# Troll Records – Scary Spooky Stories (1973)



## Dinosaur1972 (Mar 28, 2007)

Troll Records – Scary Spooky Stories (1973)
GHOST STORIES

“Here are six famous stories narrated with all the chills and thrills that made them so successful around campfires on late summer evenings or in darkened rooms on cold and rainy winter nights” claims the back of this classic album of ghost stories. Troll Records is well known as a publisher of plenty of spooky albums in the 1970’s. This album seems to be geared toward younger listeners, with six classic ghost stories read by Ralph Bell, Robert Dryden, and Daniel Ocko. You’ve probably already heard several of the stories, especially “The Skinny Toe” and “Wait ‘Til Martin Comes”.

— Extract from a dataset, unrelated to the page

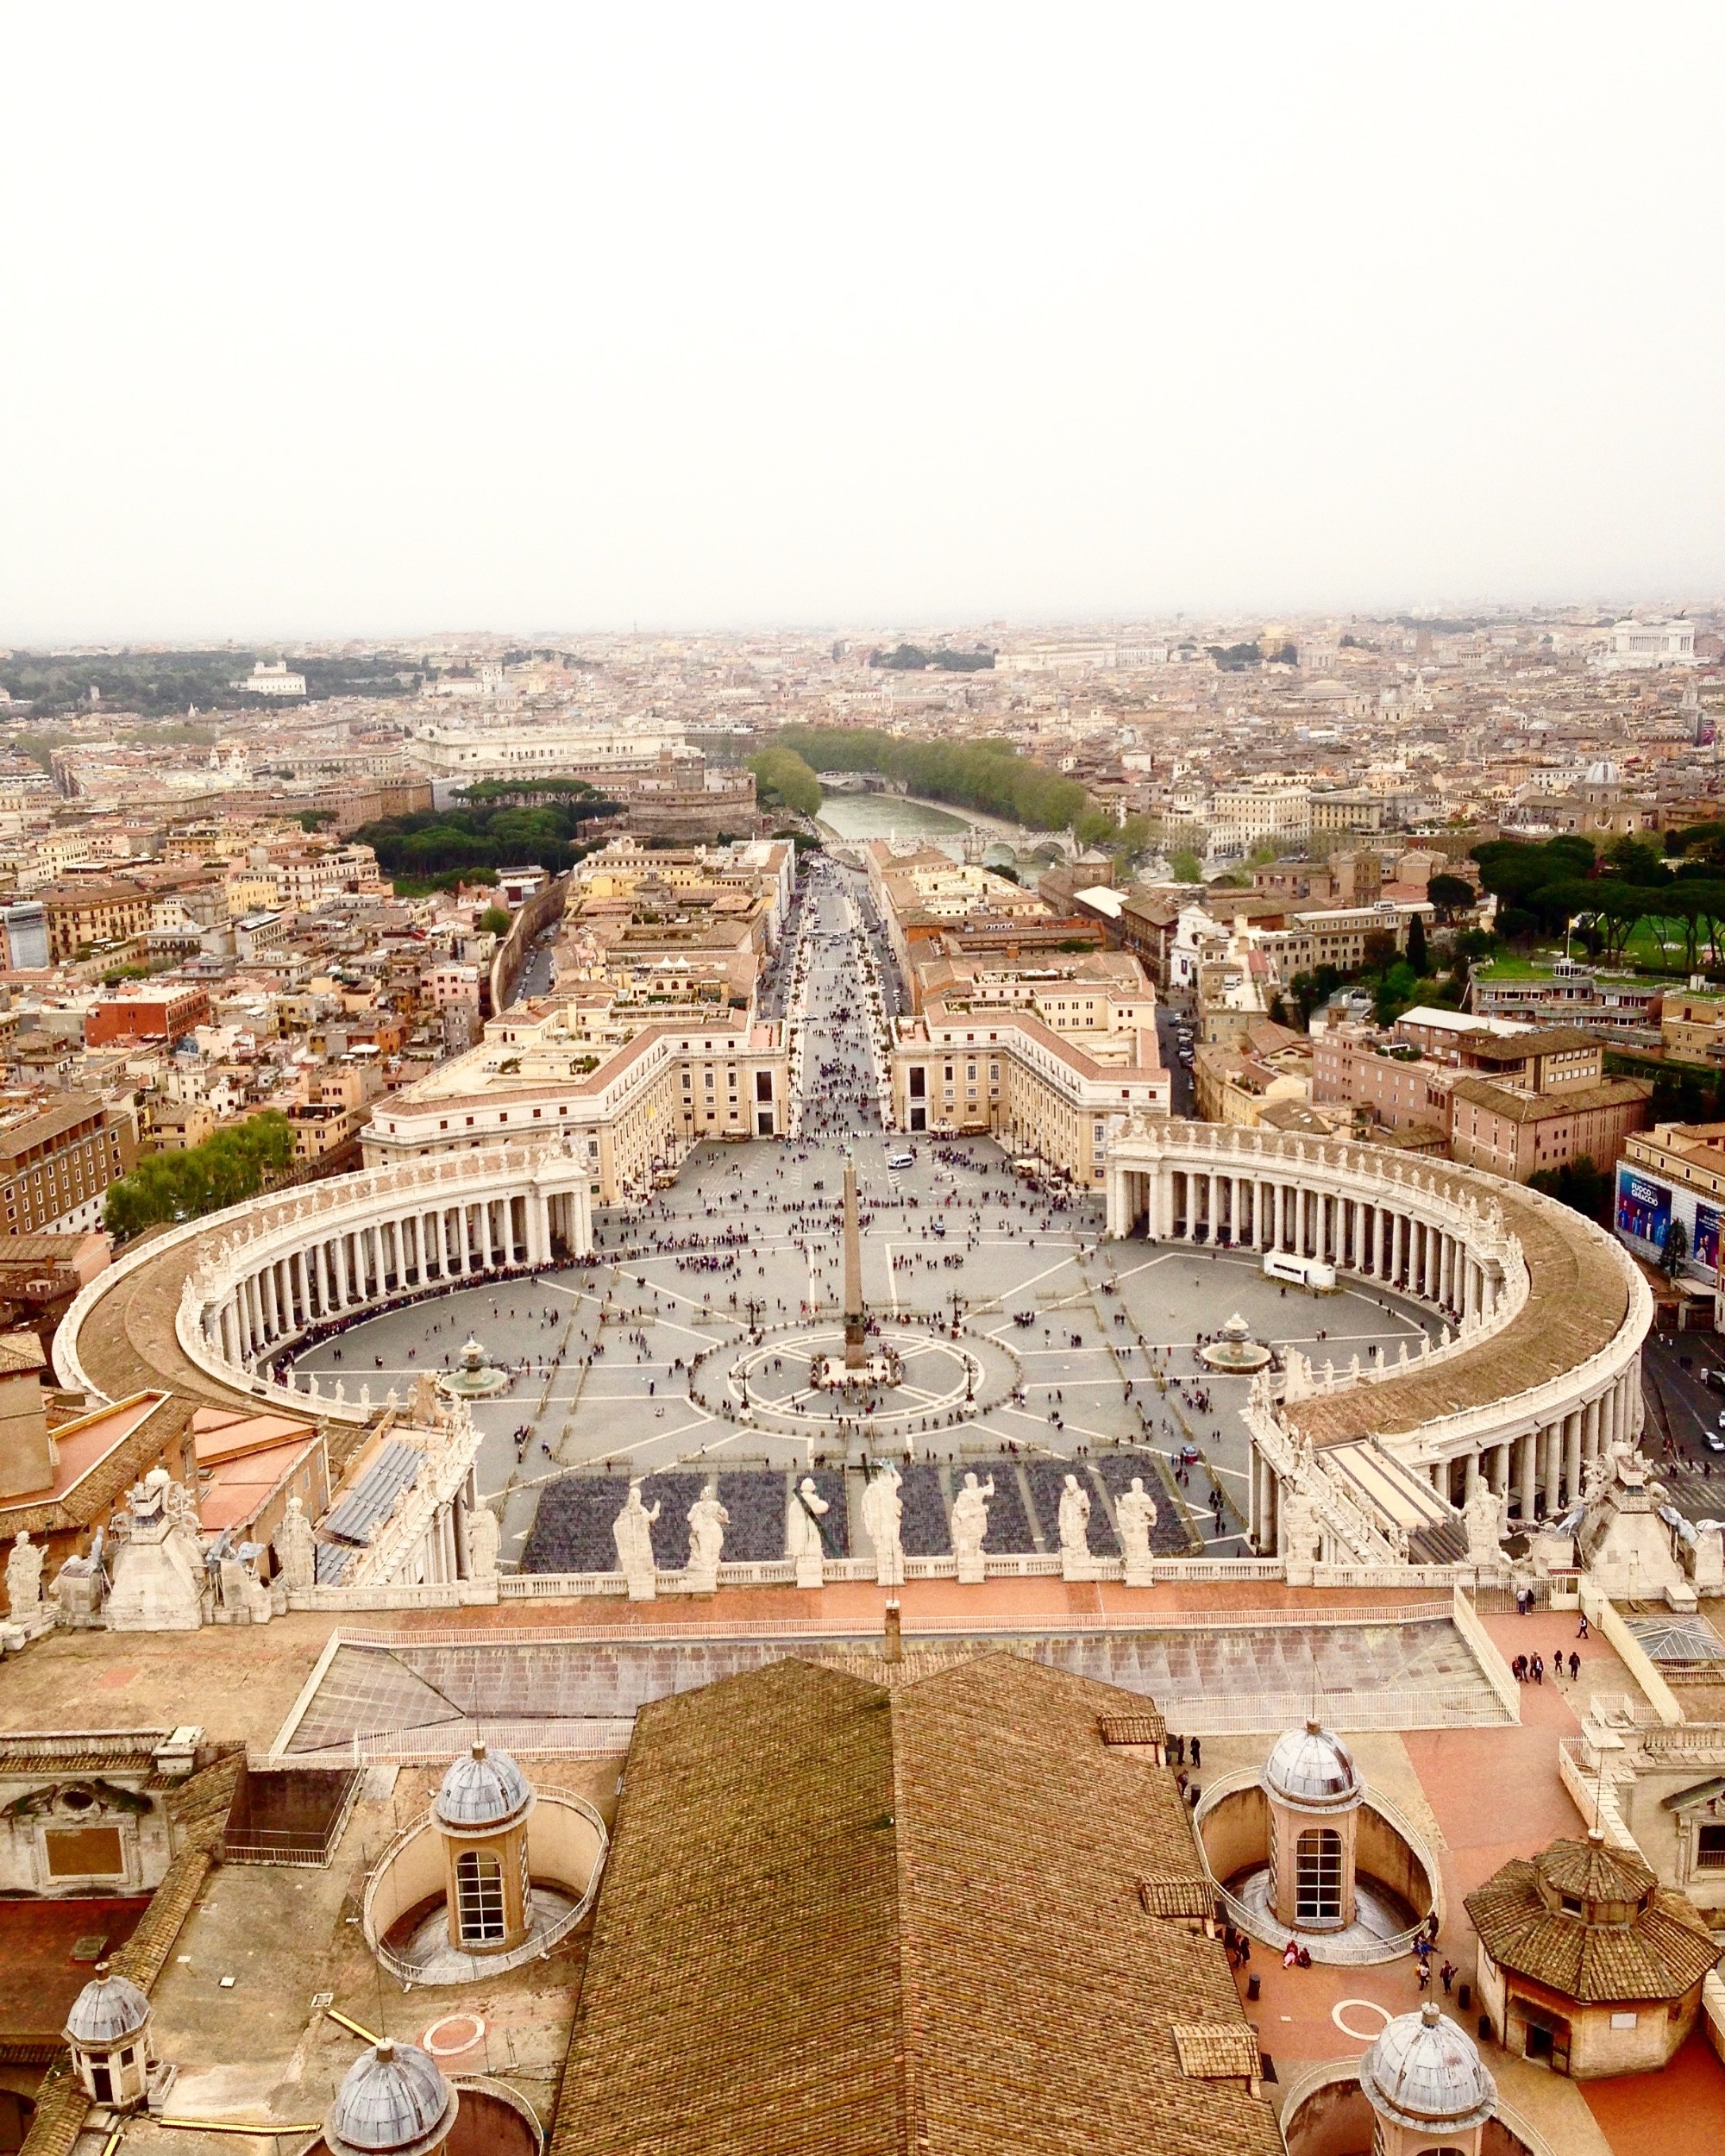 Вид сверху Ватикана =)С 11 февраля 1929 года Ватикан стал независимым государством с наименованием Град Ватикан. Мало кто знает, что в римскую эпоху на Ватиканском холме был сооружен цирк для потех

I enjoy listening to this album tremendously, and I’m looking forward to when my own kids are old enough to hear them, too. (My oldest is 7 … she might be ready for a couple of these stories.) The readers have very radio-friendly voices … all three worked for the CBS Radio Workshop at some point … and there are sound effects and music which really enhance the stories. And even though this album is 35 years old, it doesn’t sound all that dated.

Halloweiner has it here.

This is part of a series from Troll Records, which also includes “Great Ghost Stories”, “Thrillers and Chillers”, and “Weird Tales of the Unknown”.


----------